Странное впечатление, конечно, оставляет такое нарочитое отсутствие интереса к отцу, холодно-отстраненный тон. Но упоминание о его недуге должно было заставить самого Александра Сергеевича учесть трагический опыт отца… Ему следовало бы соблюдать умеренность. Для него самого участие в постоянных сталинских застольях было смертельно опасным. Но Щербаков об этом не думал, напротив, почитал за счастье получить приглашение на дачу к вождю, где не знали умеренности ни в еде, ни в выпивке.

Даже на фоне других руководителей-догматиков Щербаков выделялся своим идеологическим рвением. Однажды он вызвал главного редактора «Правды» Петра Николаевича Поспелова (будущего академика и секретаря ЦК) и ответственного редактора «Красной звезды» генерал-майора Давида Иосифовича Ортенберга. На столе лежали свежие номера газет, где фотографии были расчерканы красным карандашом. Щербаков наставлял редакторов:

– Видите, снимки так отретушированы, что сетка на них выглядит фашистскими знаками. Это заметил товарищ Сталин и сказал, чтобы вы были поаккуратнее. Нужны вам еще пояснения?

Предположение о том, что газетные ретушеры наносят фашистские знаки, было совершенно безумным. Но с тех пор главные редакторы в лупу рассматривали оттиски полос с фотографиями. Если что-то смущало, снимок возвращался в цинкографию, где его подчищали…

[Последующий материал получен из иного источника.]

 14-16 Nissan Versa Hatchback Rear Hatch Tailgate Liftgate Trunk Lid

16 октября по распоряжению заместителя главы правительства Анастаса Ивановича Микояна председатель исполкома Моссовета Василий Прохорович Пронин приказал бесплатно выдать каждому работающему два пуда муки. В городе работала только одна мельница. Дважды в нее попадали немецкие бомбы. Опасались, что в результате очередного налета она вовсе выйдет из строя, столица останется без хлеба и люди начнут голодать. Бдительные чекисты доложили о раздаче хлеба Сталину. Пронина вызвали на заседание Государственного Комитета Обороны.

– Пронин организовал выдачу населению по два пуда муки, – объявил вождь. – И ссылается, что сделал это с разрешения правительства.

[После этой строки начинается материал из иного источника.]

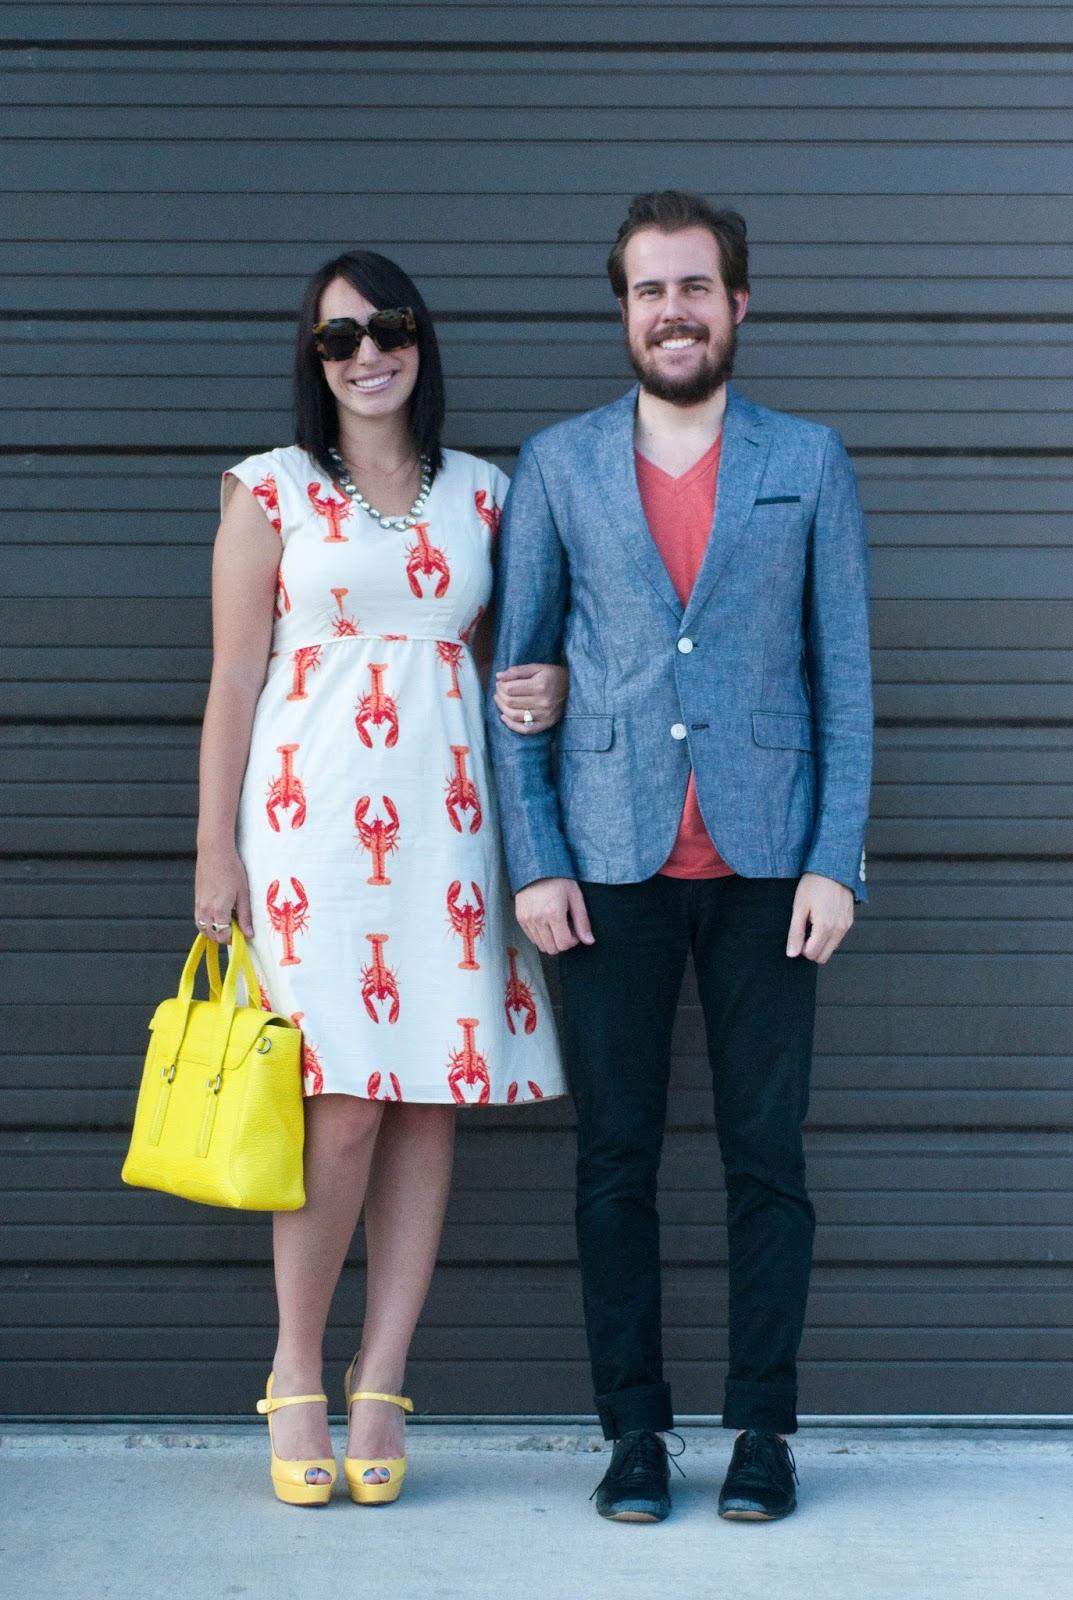 ootd, style blog, couples style blog, lobster dress, christian louboutin bana heels, 3.1 phillip lim pashli medium satchel, jcrew necklace

Он обратился к председателю исполкома Моссовета:

– Верно это или нет?

– Да, товарищ Сталин, верно.

– А кто тебе дал распоряжение?

– Микоян.

«Откажись Анастас Иванович от своих слов – вспоминал Василий Пронин, – меня немедленно расстреляли бы и разговаривать не стали».

Но Микоян – отдать ему должное – подтвердил:

– Да, я дал распоряжение.

Исполнительный Щербаков спешил претворить в жизнь все указания вождя. Но ситуация быстро менялась, и он мог оказаться в неудачном положении. Александр Сергеевич распорядился раздать москвичам еще и хранившиеся на складе полмиллиона пар обуви, ушанки и перчатки. Начальник управления тыла генерал-лейтенант интендантской службы Андрей Васильевич Хрулев отказался это сделать. Щербаков сказал ему угрожающе:

– Вы, видимо, хотите оставить все вещи немцам…

Но опытный генерал Хрулев не испугался, а обратился к Микояну, который в Государственном Комитете Обороны ведал снабжением и фронта, и тыла. Тот приказал вещи не раздавать. Щербакову пришлось отменить свое указание. Анастас Иванович был членом политбюро. А он – всего лишь кандидатом.

Историки считают Александра Сергеевича чуть ли не самым исполнительным помощником Сталина, готовым в лепешку расшибиться, лишь бы исполнить указание вождя. Если многие его коллеги были исполнительными карьеристами, то Щербаков подчинялся вождю искренне. Но вознесенный на вершину партийной власти недавно, он чувствовал себя неуверенно, перед Сталиным стоял чуть ли не навытяжку. Возражать не смел. Ставить серьезные вопросы не решался. А вдруг не угадал настроение, спросил то, что не следовало бы? Как выразился один из его подчиненных, Сталин на чувстве страха играл лучше, чем Паганини на скрипке. Как он давал задания? Или сроки были нереальными, или приказ был отдан так, что как ни выполни, все равно будешь виноват.

В те октябрьские дни, когда решалась судьба Москвы и действительно нужны были воля и твердость, когда люди хотели видеть во главе города уверенного в себе человека, Александр Сергеевич Щербаков не смел и не умел проявить инициативу, навести порядок в городе без команды вождя.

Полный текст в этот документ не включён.